A variety of findings specific to Cambodian culture emerged as a result of the KAP study. For many of the respondents, cultural themes likely affected their decision to initiate and continue exclusive breastfeeding for the recommended six months. Results must also be interpreted in reference to Cambodia's historical background. Vast changes occurred within Cambodian society during the years of Khmer Rouge rule (1975–1979) (Ledgerwood 1994). Decisions made by women living in Cambodia today are rooted in historical values that may have been influenced by the Khmer Rouge regime, including a loss of education. This argument is especially important in reference to demographic findings from the KAP study respondents. Mothers participating in the study had a mean age of 29 years, with an age range from 18 to 50 years. This finding suggests that the average respondent was born during the last year of the Khmer Rouge regime and can be identified as a "genocide survivor." Khmer mothers have thus been forced to make profound decisions regarding their health and the health of their infant amidst a country rooted in a history of violence and a society entrenched in poverty.

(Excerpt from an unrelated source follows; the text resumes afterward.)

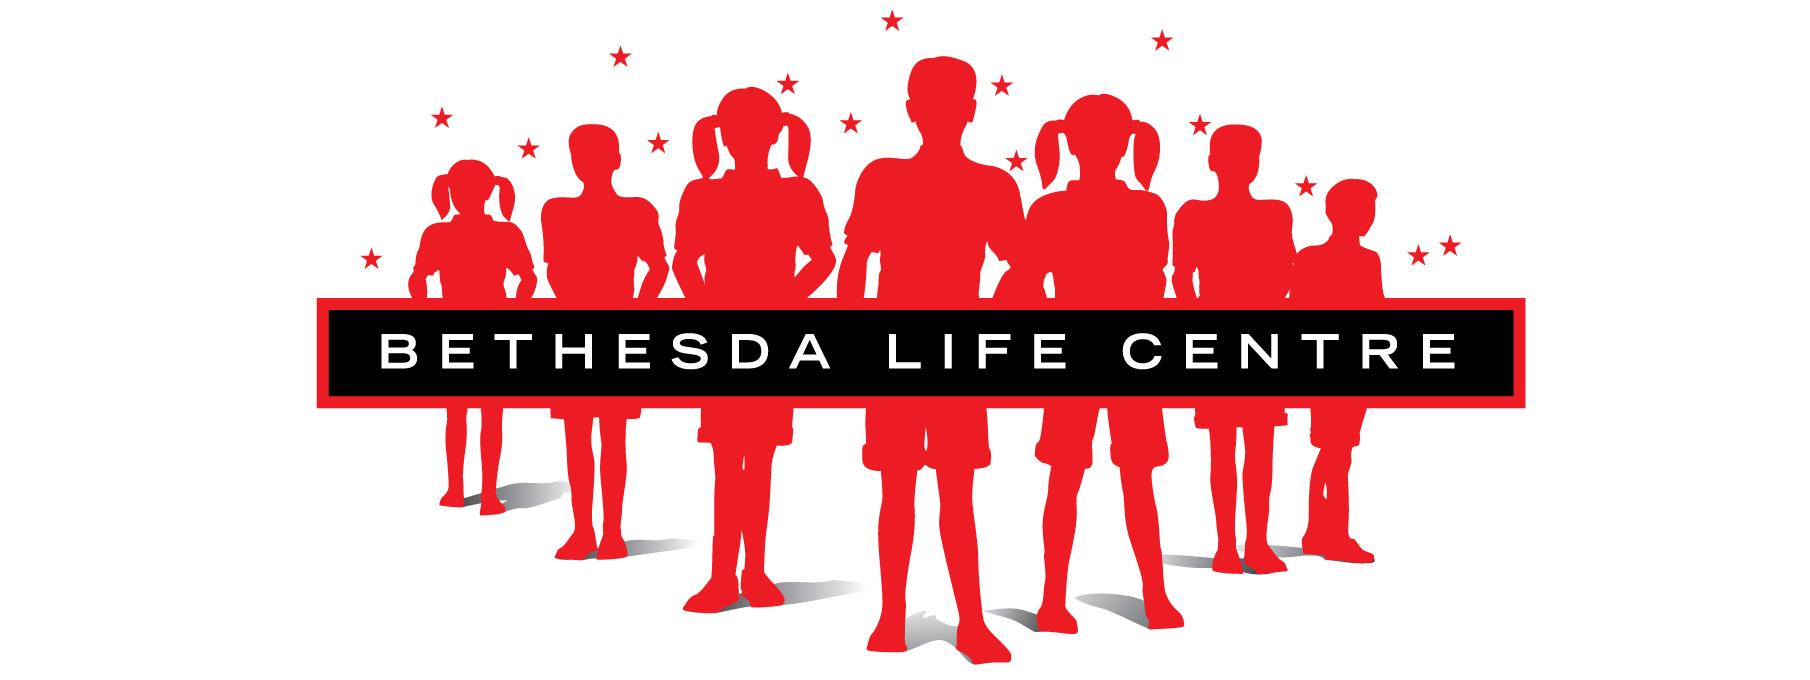 bethesda-logo-white
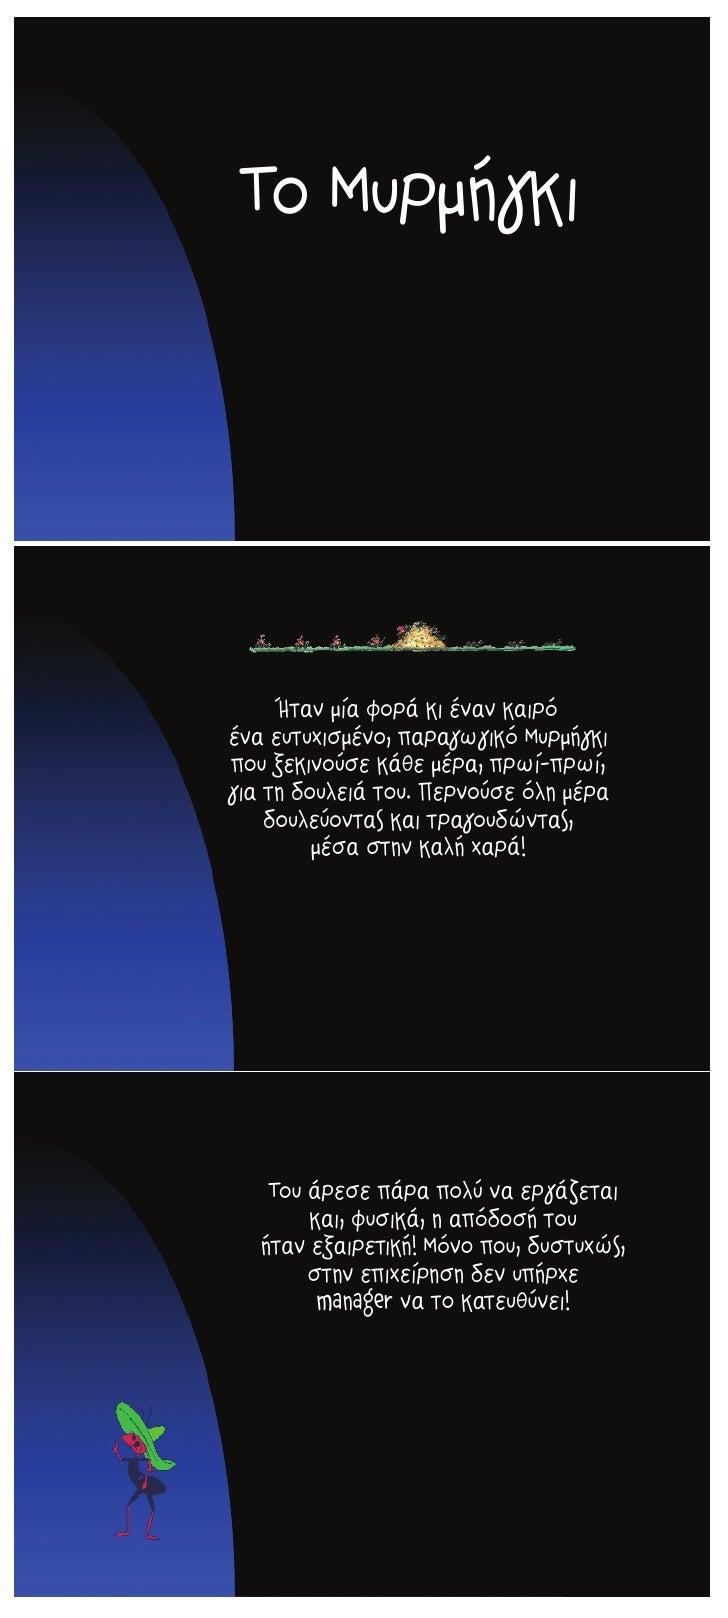 ΔÔ ª˘ÚÌ‹ÁÎÈ          ◊Ù·Ó Ì›· ÊÔÚ¿ ÎÈ ¤Ó·Ó ηÈÚfi ¤Ó· Â˘Ù˘¯ÈṲ̂ÓÔ, ·Ú·ÁˆÁÈÎfi ª˘ÚÌ‹ÁÎÈ Ô˘ ÍÂÎÈÓÔ‡Ûοı̤ڷ, Úˆ›-Úˆ›, ...

Additional demographics from this KAP study are revealed as similar to statistical results found in the Cambodia Demographic Health Survey (NIPH, NIS and ORC Macro, 2006). A comparison of the two studies reveals little change in attribute characteristics of Khmer women from the province of Kep (see Table 4).
|Table 4. Comparison of demographics from the KAP study 2008 and the CDHS 2005 (NIPH, NIS, and ORC Macro, 2006)|
|Demographic||KAP Study (2008)||CDHS for Krong Kep (2005)|
|Parity rate||2.87 (approx. 3 children)||3.20 (approx. 3 children)|
|Use of birth spacing||26.9%||28.7%|
|Years of education||4.3||3.5|
Most respondents (75%) received some form of antenatal care. Unfortunately, Cambodian women in this study are waiting too long to seek antenatal care and health advice. Healthcare professionals recommend that the first antenatal visit occur within the first three months of pregnancy, not during the fifth month as found to be the case in Kep (NIPH, NIS and ORC Macro, 2006). Moreover, most women (60%) choose to give birth at home. This finding is slightly lower than the CDHS (NIPH, NIS and ORC Macro, 2006) report, which found that 83% of mothers delivered at home. A significant decline in the percentage of deliveries at home in a short period of time may suggest an increase in service utilization, including the growth of the private health sector in Cambodia. Results from the KAP study reflect this idea, with 23% of women delivering in a private clinic. This may indicate that cost is an important factor in choice of location of delivery. Further, the KAP study found that women were almost equally divided in their choice of provider during delivery, with slightly more women using a TBA (42%) than a midwife (36%). It should be noted that for the purpose of this study TBAs are assumed to have no formal training, which is consistent with definitions of TBAs provided in other research (United Nations Population Fund [UNFPA] 2006). As TBAs are often used to minimize costs, this finding may indicate that a women's actual behaviour does not reflect her true preference, but instead her decision to use a TBA for assistance during delivery may be based on her inability to pay for a trained healthcare professional such as a midwife. If this notion is accepted, the cost of assistance during delivery represents a direct factor influencing a mother's decision to breastfeed her child. Thus, the impact on antenatal care may be grave if a Khmer mother decides to reply solely on a TBA for assistance and does not receive appropriate counselling regarding breastfeeding.
Likewise, many different factors can prevent women from initiating breastfeeding and breastfeeding exclusively for the recommended six months. Numerous reports have found that between 50% and 75% of expectant mothers decide how they will feed their infants before or very early in pregnancy (Dennis 2002; Shields 2005). While there is no way to know what the subjects' intended breastfeeding duration was, or when the decision was made, data from the KAP study indicate that several of the women did not breastfeed for as long as they had intended. Specifically, 23% of women responded that their expectations were not the same as their breastfeeding experience. This finding suggests that appropriate interventions and breastfeeding support must occur in a timely manner, especially if a mother has not received antennal care. Facilitation of breastfeeding education and support should begin during the early stages in pregnancy and continue post-delivery. However, the KAP study found that despite having been provided with little, if any, formal breastfeeding education and support, most women (64%) were confident with their breastfeeding skills and were "not shy" (75% of women) to breastfeed in public. This finding may suggest that breastfeeding support programs should place a significant emphasis on various areas of breastfeeding, including perceived barriers, rather than a program focused solely on breastfeeding techniques.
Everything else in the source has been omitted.